◆ Exercise prompt ◆
Starting with the line that has "Cuba, Havana, Santeria" in the records below and ending with the line that has "Kasdeya - Beyond Human", output those lines exactly and nothing more; omit the pictures.

◆ Dataset content ◆
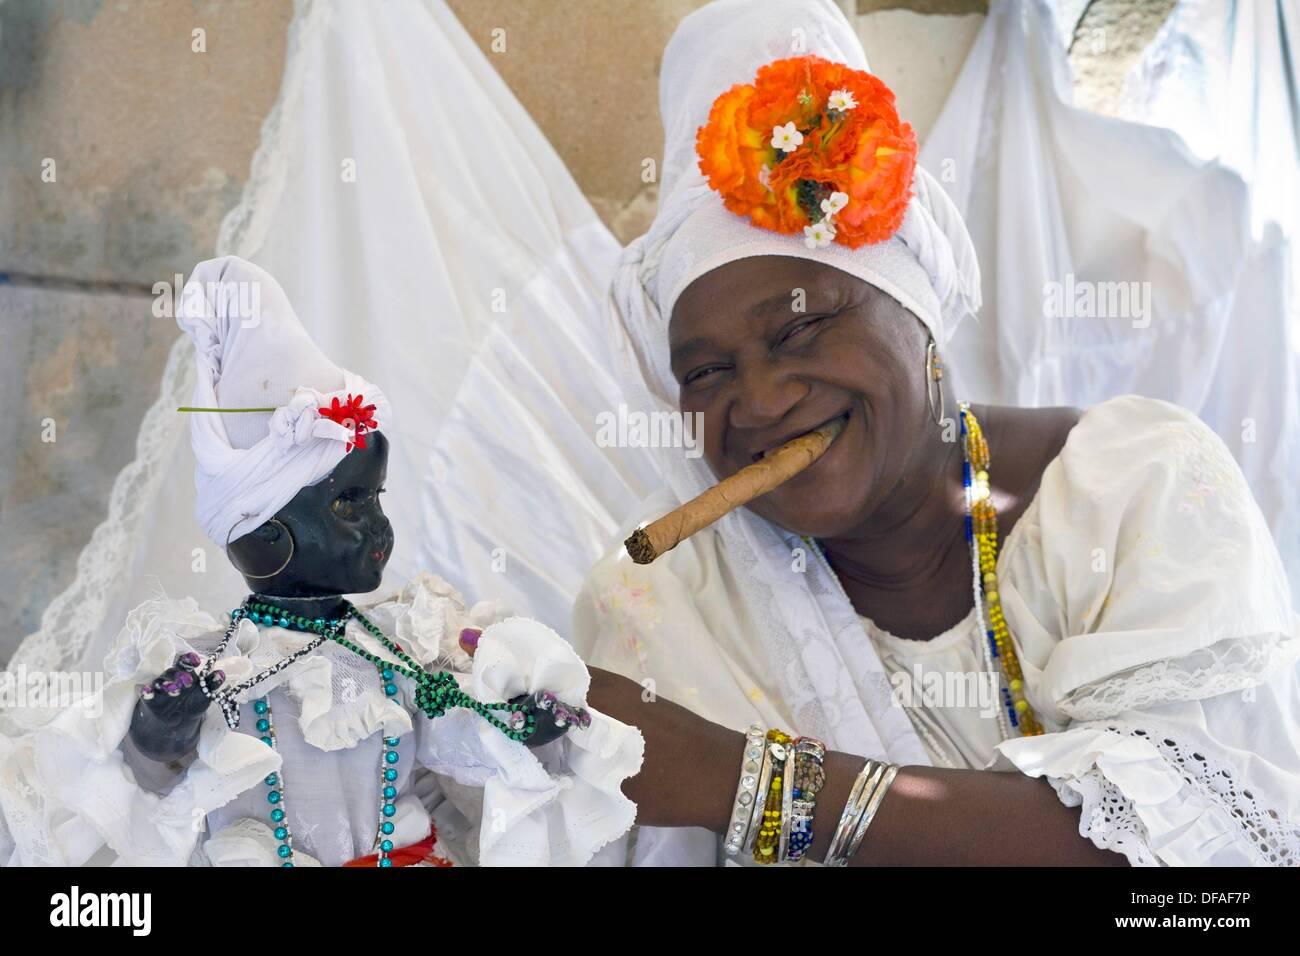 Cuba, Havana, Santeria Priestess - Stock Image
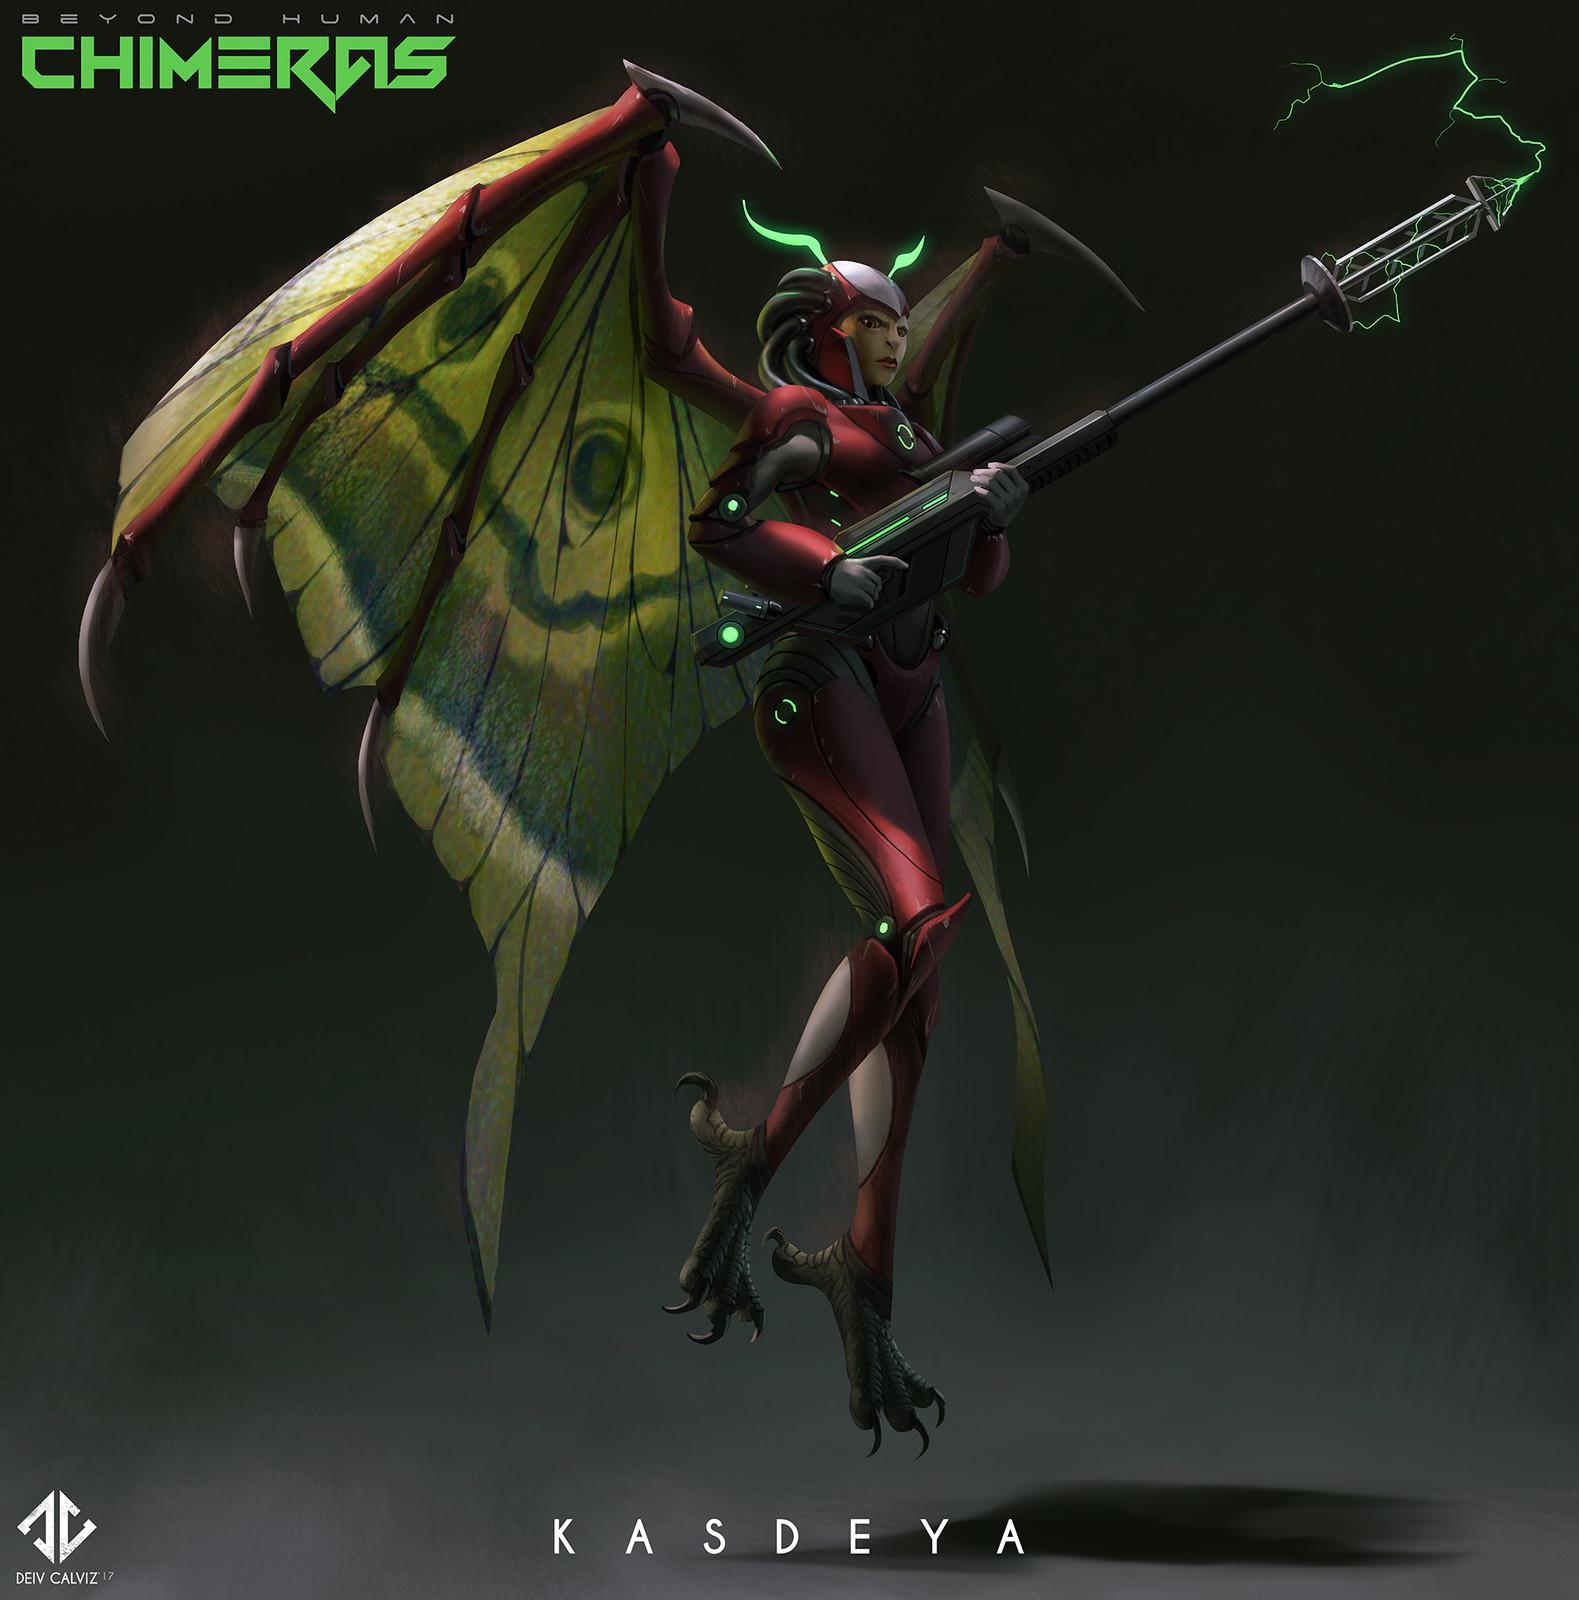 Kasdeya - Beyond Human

...

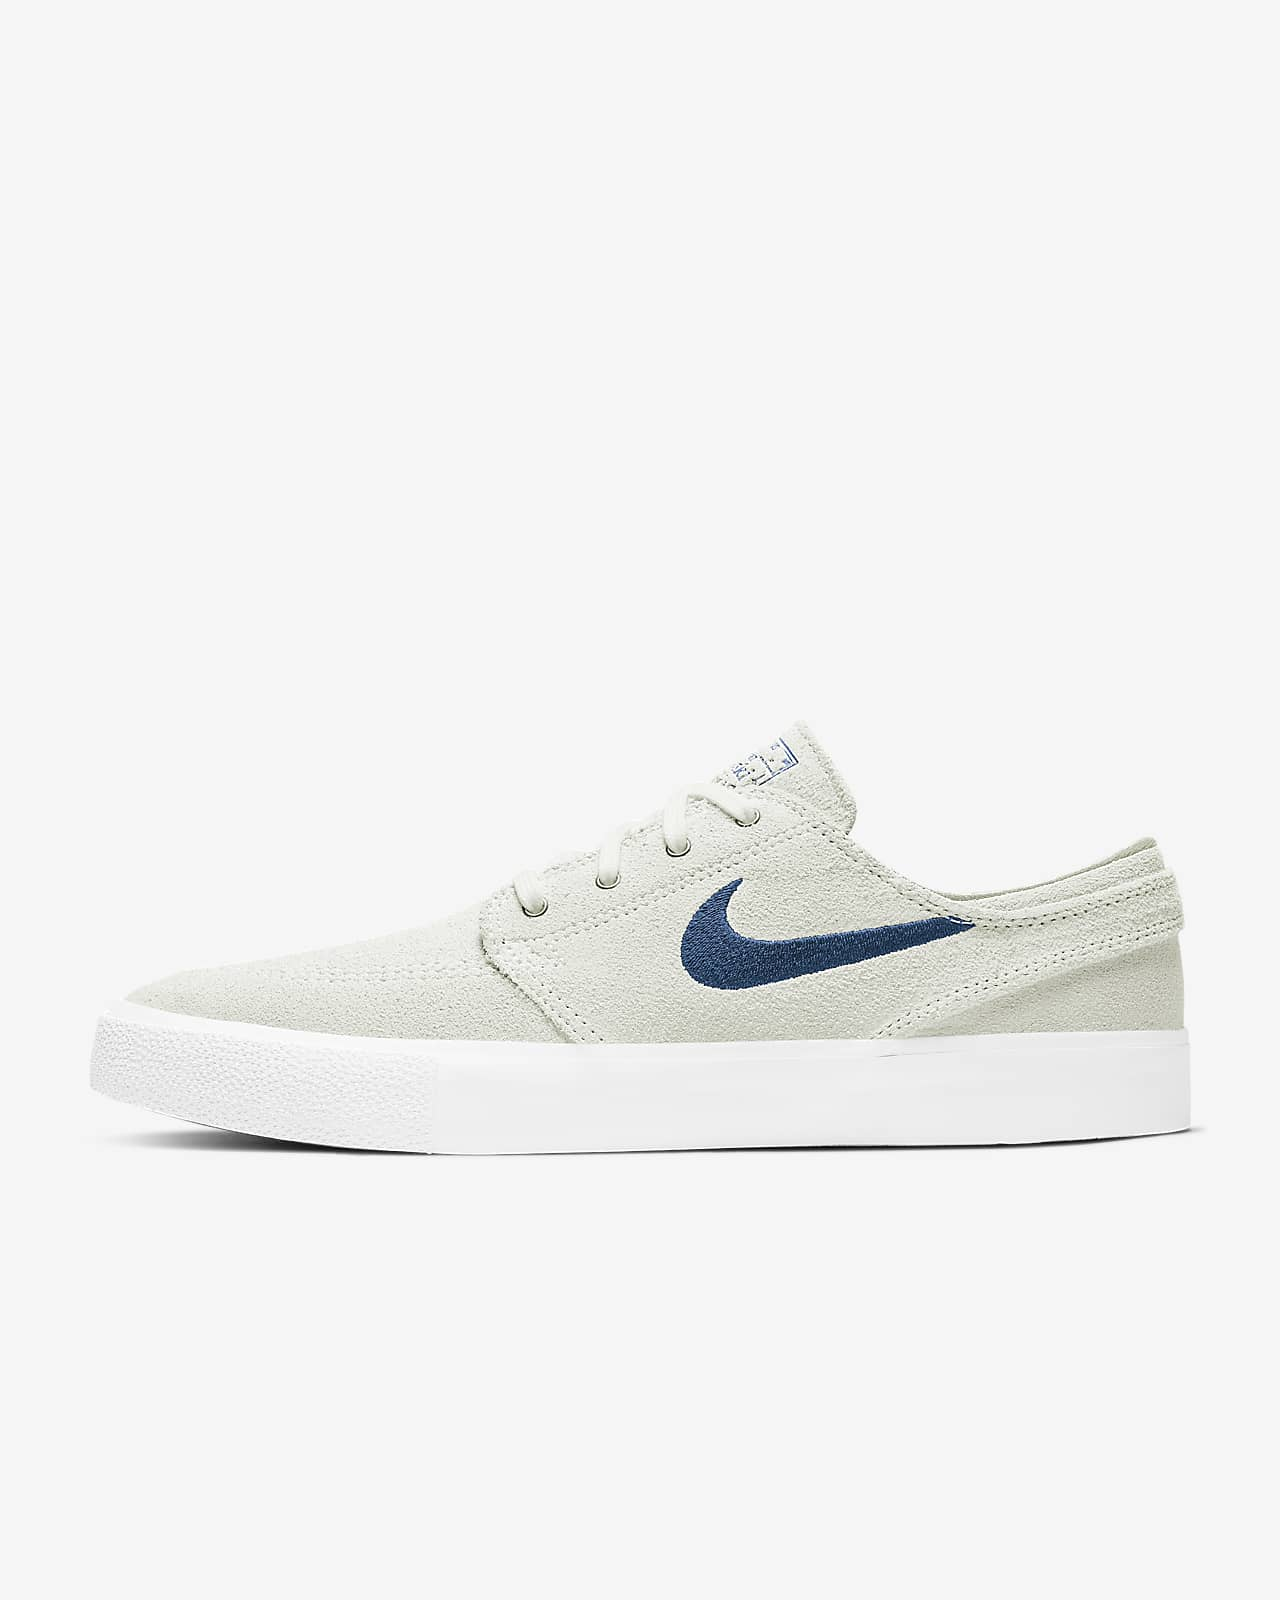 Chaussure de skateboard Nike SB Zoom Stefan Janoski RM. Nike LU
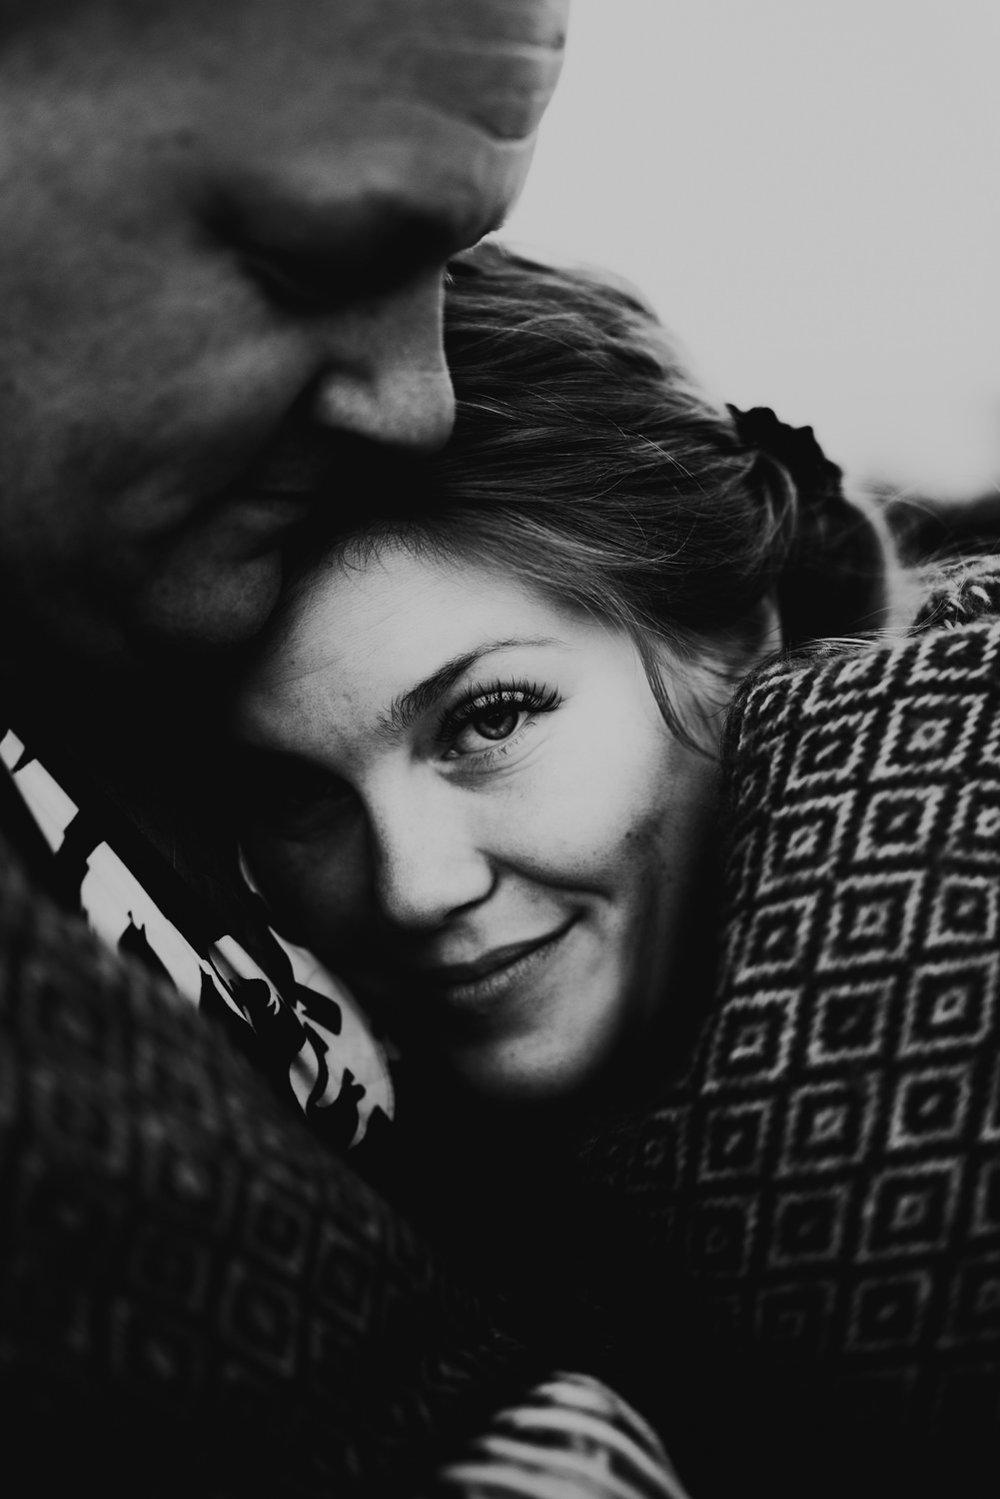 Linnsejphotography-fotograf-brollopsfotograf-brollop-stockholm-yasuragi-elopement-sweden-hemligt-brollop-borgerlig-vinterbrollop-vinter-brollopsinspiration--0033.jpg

◆ Solution for this exercise ◆
 Cuba, Havana, Santeria Priestess - Stock Image
 Kasdeya - Beyond Human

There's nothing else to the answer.